You're actually upset about those jokes? I don't know anyone in their right mind who takes them seriously!


----------



## angel_eyes4evah (Dec 9, 2006)

if your taking it personally you really need to chill. Its called a JOKE for a reason.


----------



## TylerD (Dec 9, 2006)

I disagree with you all... Maybe you girls dont hang out with guys much but any guy that tells a blonde joke most certianly things blonds are dumb... I hate to break it to you girls but I hang out with guys and I hear them talk bad about blond girls quite often... I dont want to repeat. But alot of times when a guy tells a blond joke to him its half serious and alot of guys that find a good blonde joke super hilarious do think blonds are lower then most other girls...

I have heaard guys say I should go for that girl, shes blonde she wont even know im ugly or something like that. Thats not a joke, thats just cruel in my oppinion... It seems now days some guys take blond jokes way over the limit. Its like saying they dont take it serious, that is like saying a white guy saying a racist joke about a black person and saying he isnt a racist and that everybody from occasion enjoys a good racist black joke. No wrong, both these are very similiar.


----------



## Princess6828 (Dec 9, 2006)

Okay then everyone - who would be offended if someone posted a joke about...let's see, how about some good racist jokes - about Asions or African Americans? How about some JOKES about the terminally ill - or the homeless? Would those be considered JOKES? I mean, you could call it a JOKE - but would a kind person really find them funny? Whether a person is mocked because of their age, race, religion, OR hair color - it's still a form of discrimination.

Thank you Tyler - I'm glad someone can see things from a realistic point of view!


----------



## WhitneyF (Dec 9, 2006)

Tyler - I totally see what you're saying, but this isn't a forum with a bunch of cruel guys. This is a forum with a bunch of fun-loving girls mixed with a few guys who are not malicious or hurtful. So pertaining to what goes on her at MUT, yes, I think it's an overreaction to take these jokes seriously. Out in the real world, it can very well be a different story.

Princess - I'm sorry you got your feelings hurt. You seem like a very intelligent person and I don't think anyone was ever questioning your intelligence or any other blondes intelligence on here.


----------



## TylerD (Dec 9, 2006)

Oh I didnt think she ment MUT I thought she ment blonde jokes in general my bad... Umm... ya.... Princess did you mean MUT or blonde jokes period?


----------



## angel_eyes4evah (Dec 9, 2006)

I agree. I could care less if someone makes racist jokes. I make them all the time and my family and SO are many differnt races who CARES? ITS A DANG JOKE.

personally, I find most people blond, brunette or whatever to be greatly stupid anyway.


----------



## TylerD (Dec 9, 2006)

Kristen I still dont agree... Just because you say it was a joke doesnt mean its a joke. Thhats like me going out and punching someone in the face and then saying man why are you so mad it was only a joke... or calling a black guy a so and so and then say its a joke... Just cuz you say its a joke doesnt mean it is. My dad does that with me, calls me an idiot all teh time but then says hes joking. Its not a joke, people just say that so you wont get mad at them....

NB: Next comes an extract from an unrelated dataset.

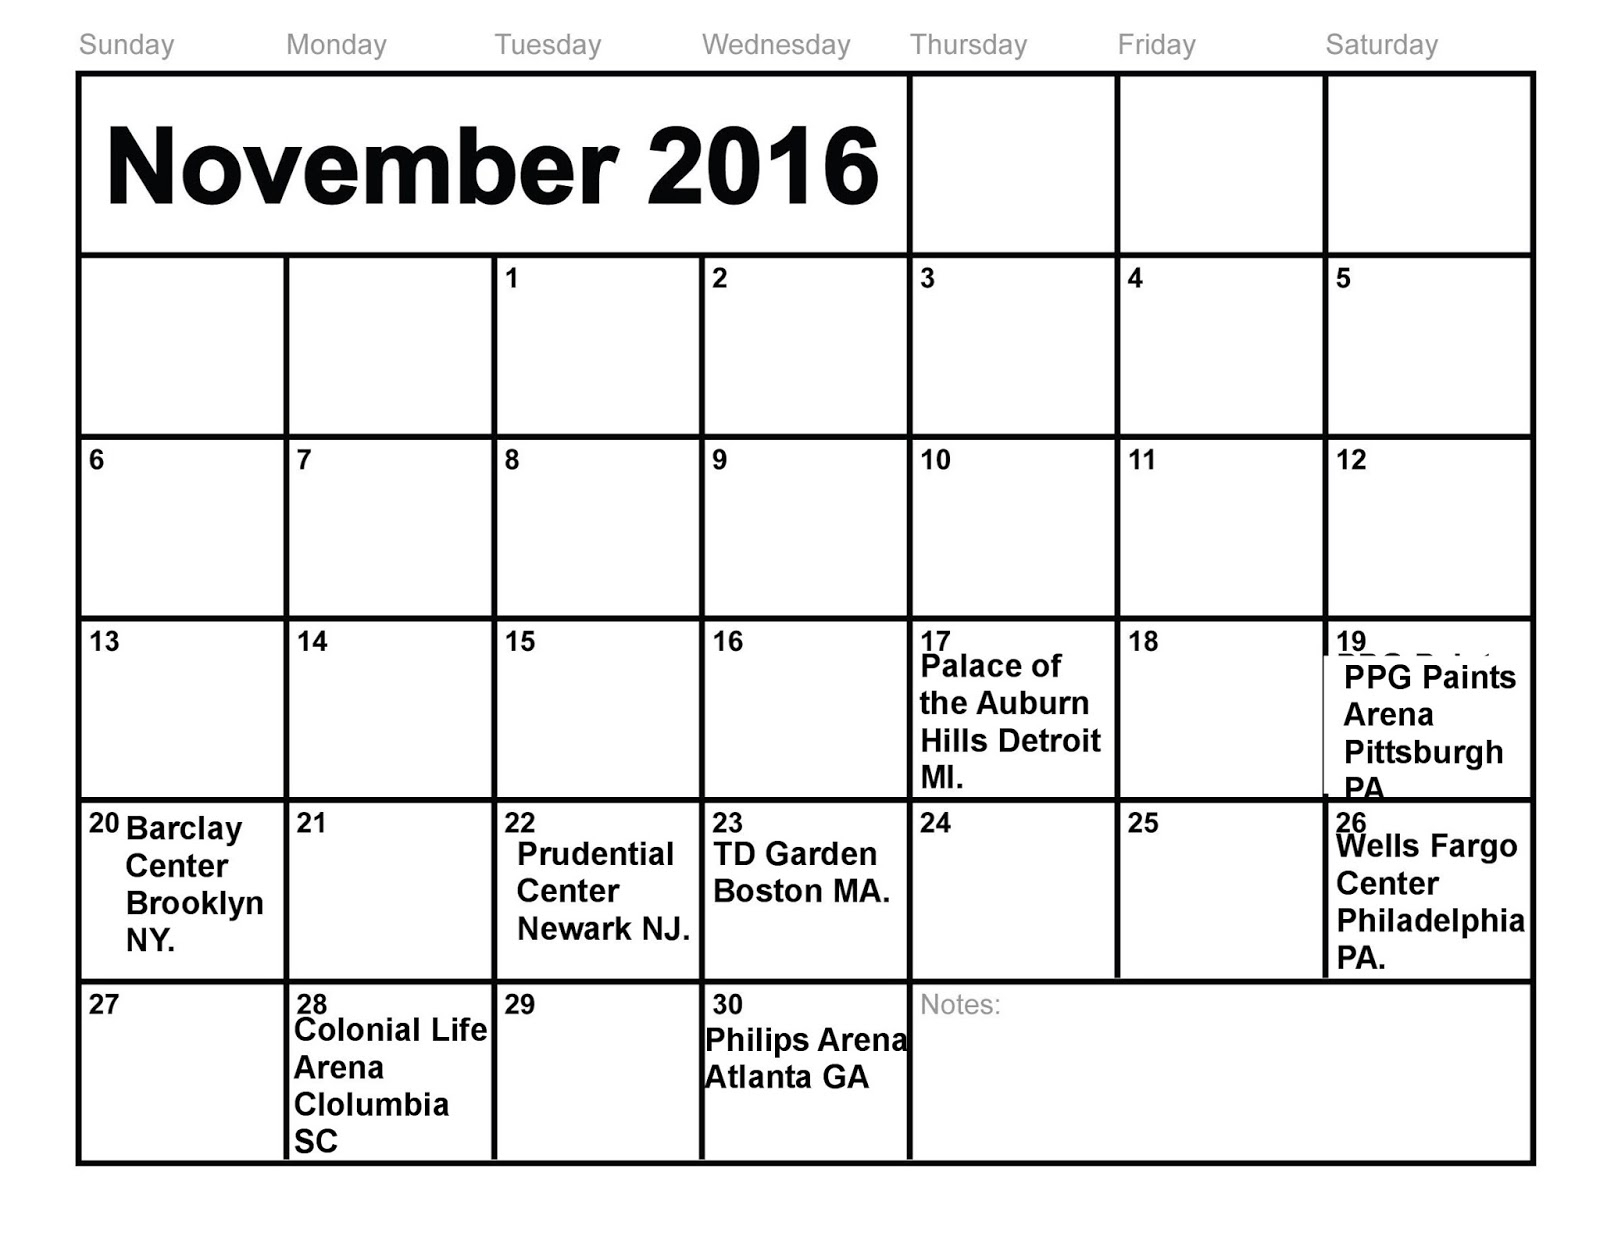 New York City Rhythm Facebook Post Sunday November 13th

Also you last comment on people being stupid I think was a dumb thing to say.


----------



## angel_eyes4evah (Dec 9, 2006)

Well what you dad does is really not a *joke* I'm talking about a really genuine just for laughs, haha, kind of joke is nothing to be offended about. Now what your guy friends do is very rude and it isn't fair to judge that way. Once one of my teachers said that a joke is really not a joke because what you say is what you really mean. I think this is true in many cases. Tyler I also live in a very Urban area, where there are lots of rich smart people and the other end also. But from a day to day basis, (no age bias here) it seem that most people are just so darn stupid, and ignorant, even the educated ones act this way.


----------



## WhitneyF (Dec 9, 2006)

The kind of thing you're desribing isn't a joke. A joke to me has a clear setup and punch line. Punching someone or calling someone a name can be made in a joking manner...but it's never a joke.


----------



## angel_eyes4evah (Dec 9, 2006)

sometimes when calling a person a name is a joke, it just depends on the context, content of what is going on. I'll can the love of my life up on the phone and way "what are you doing B!tch?" Now I only do this every once and a while but its a complete joke because when I say it that way and he knows I'm kidding and we both laugh.


----------



## TylerD (Dec 9, 2006)

Your right I see what you 2 are saying, but im just saying jokes can be taken too far. Kristen when you say my friends aare rude by what they say, how is it any different then girls around MUT telling a blond joke?? Yes my friends or guys for that matter can just be very insulting, but blonde jokes can be insulting as well... Some of them can be very harsh.. I dont see anyone around here telling a racist joke.... You can sit there and say we dont mean anything by racist jokes but most racist jokes about black people have the N word in it and that can be very insulting for white people to call tehm that even in a joke....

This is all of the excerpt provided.